### Work to be completed
The copy should hold exactly the lines below from the one that contains "Thales Stratobus to launch into stratosphere" through the one that contains "Diego, my favorite" and nothing else, so no pictures.

### Records
-=-=-

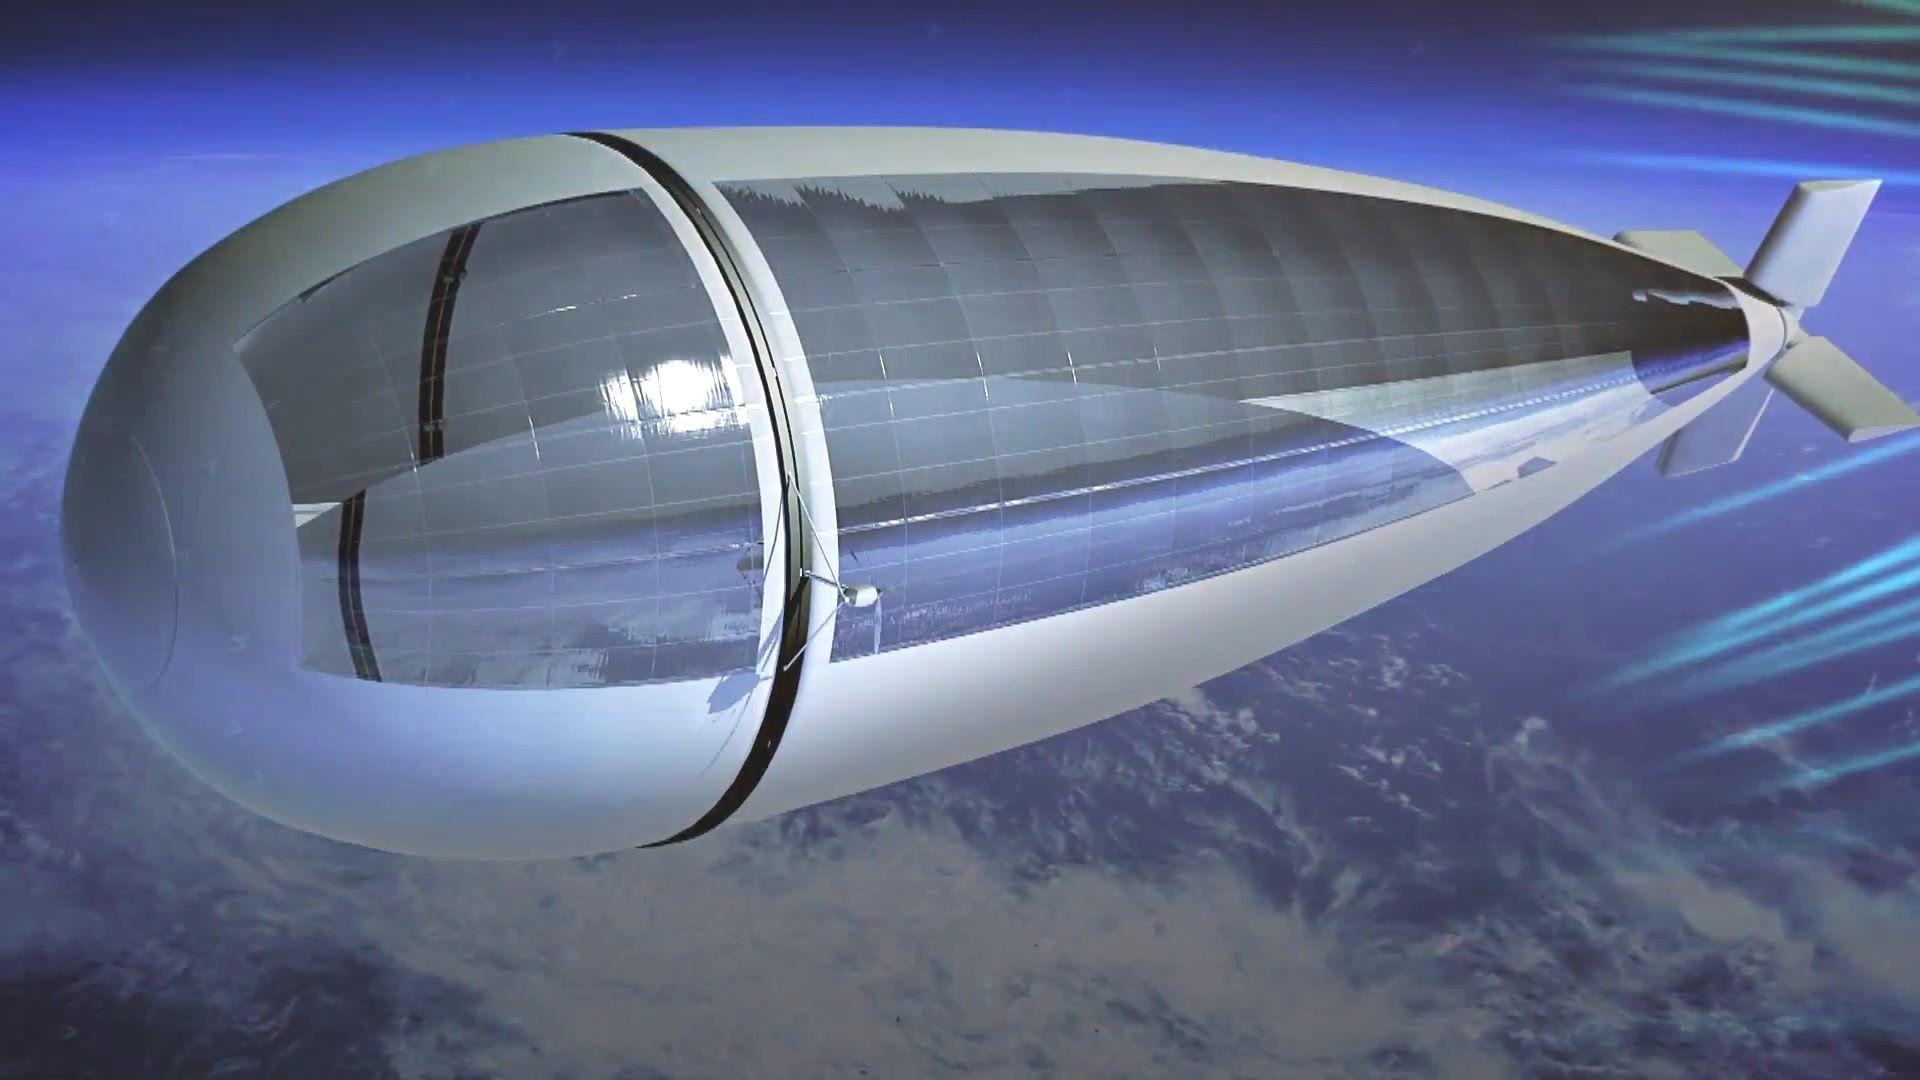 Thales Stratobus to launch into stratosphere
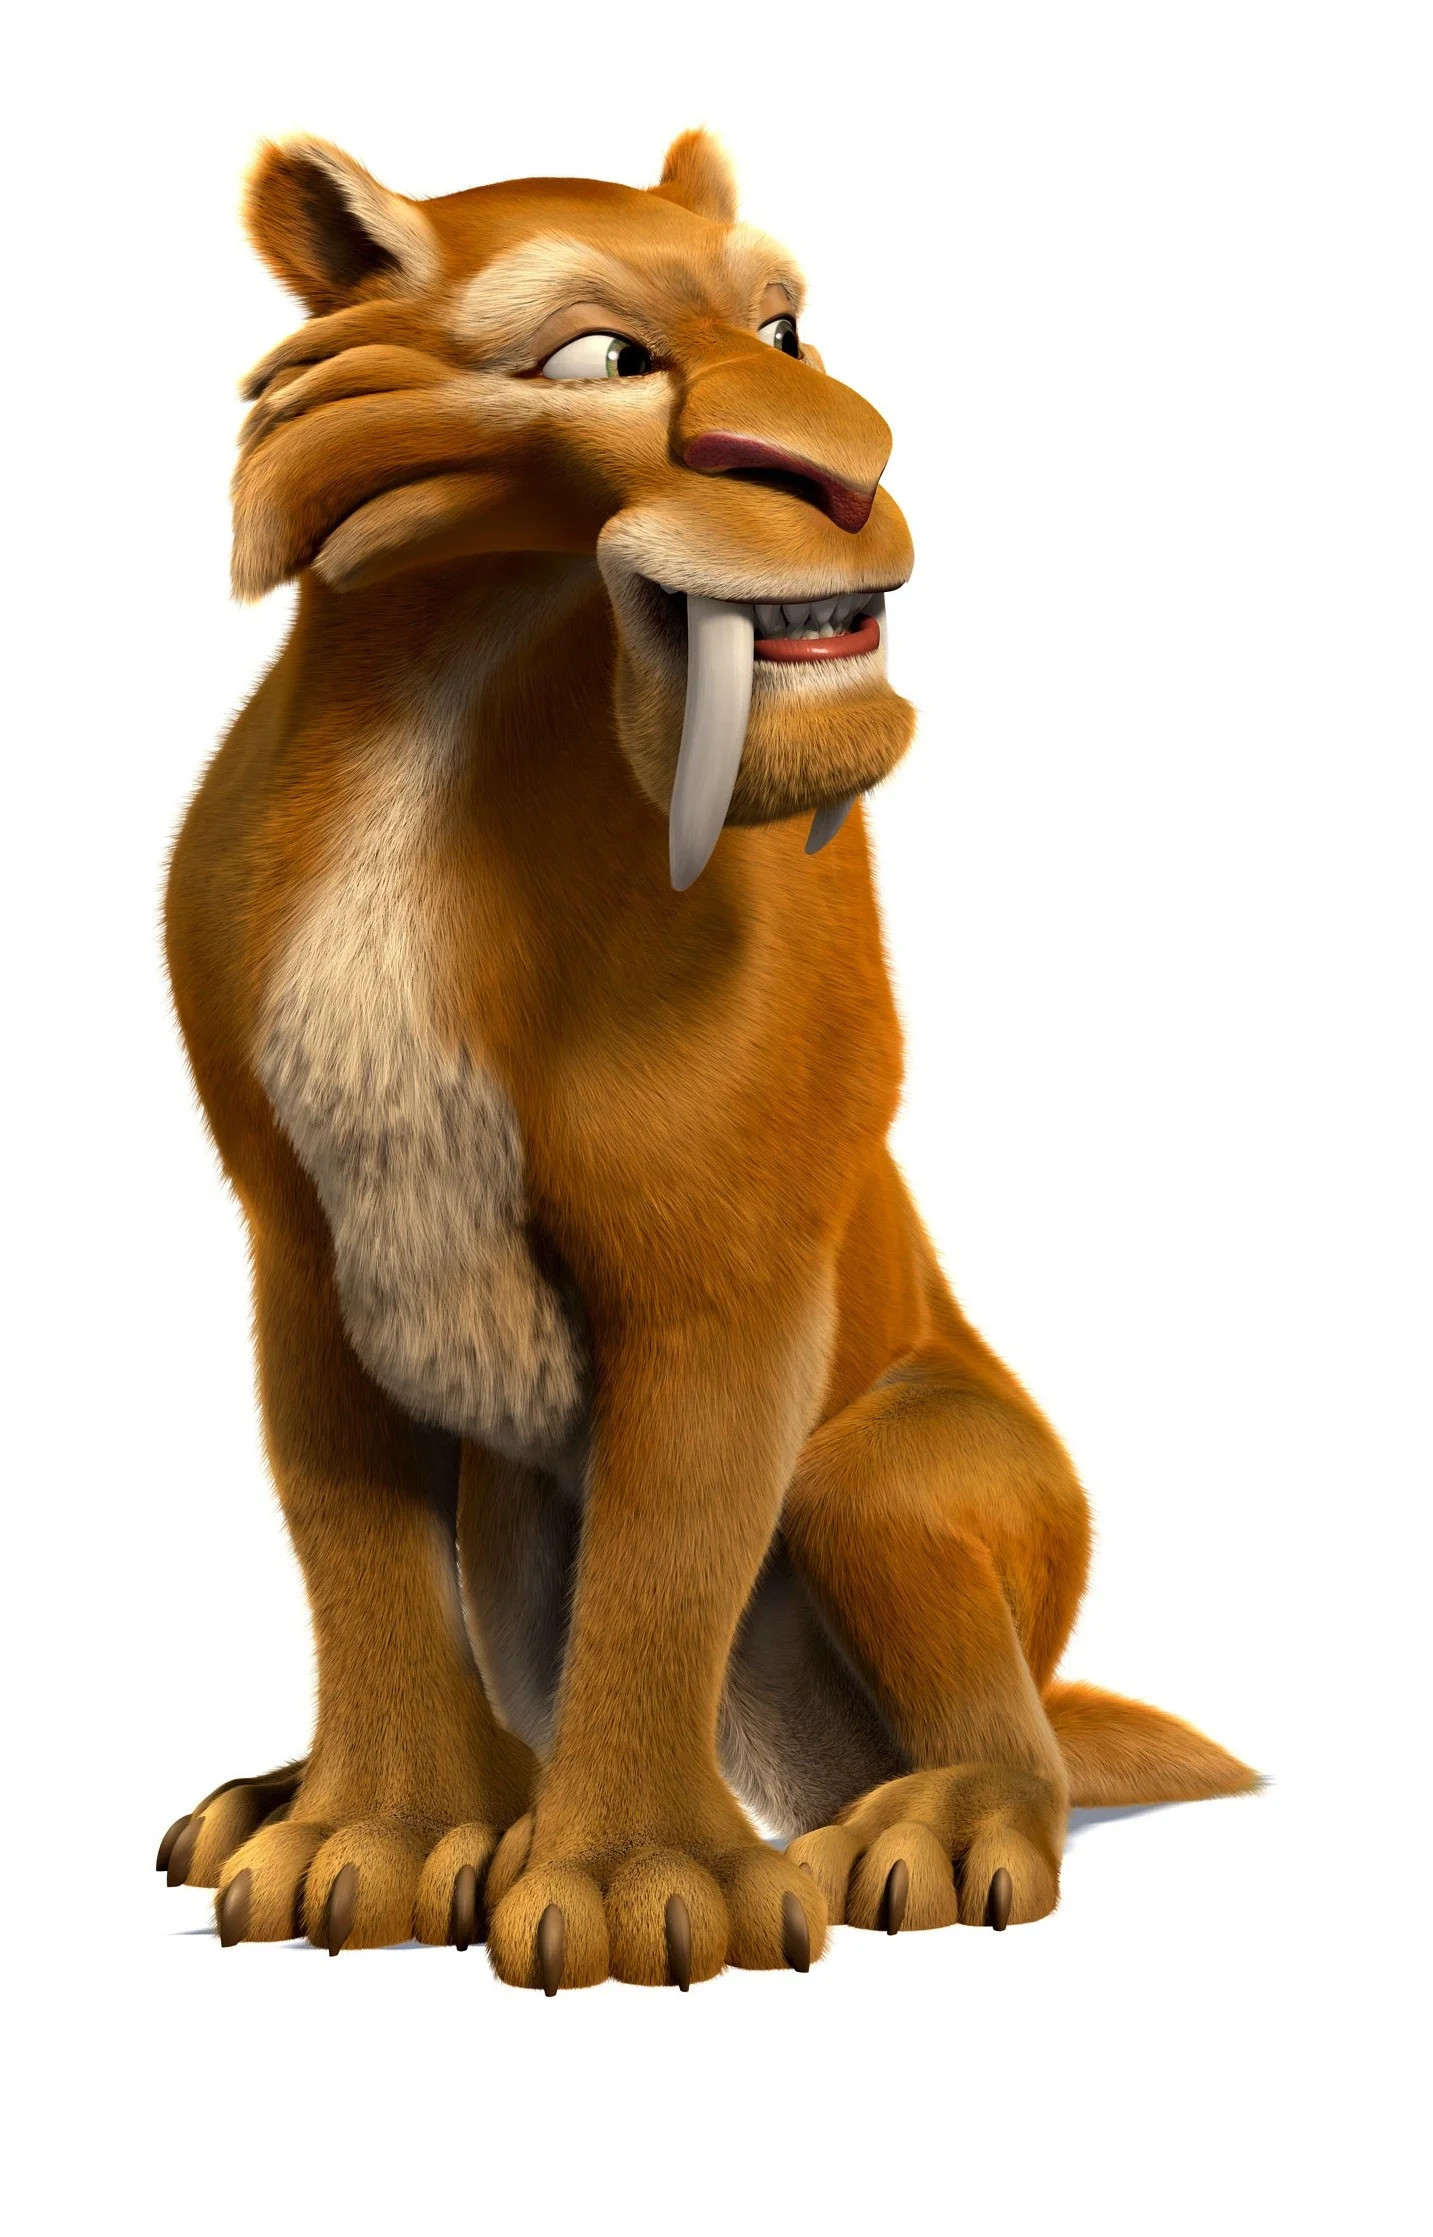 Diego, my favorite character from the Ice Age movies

-=-=-

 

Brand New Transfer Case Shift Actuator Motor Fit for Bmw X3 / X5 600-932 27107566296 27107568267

-=-=-

### Your solution
 Thales Stratobus to launch into stratosphere
 Diego, my favorite character from the Ice Age movies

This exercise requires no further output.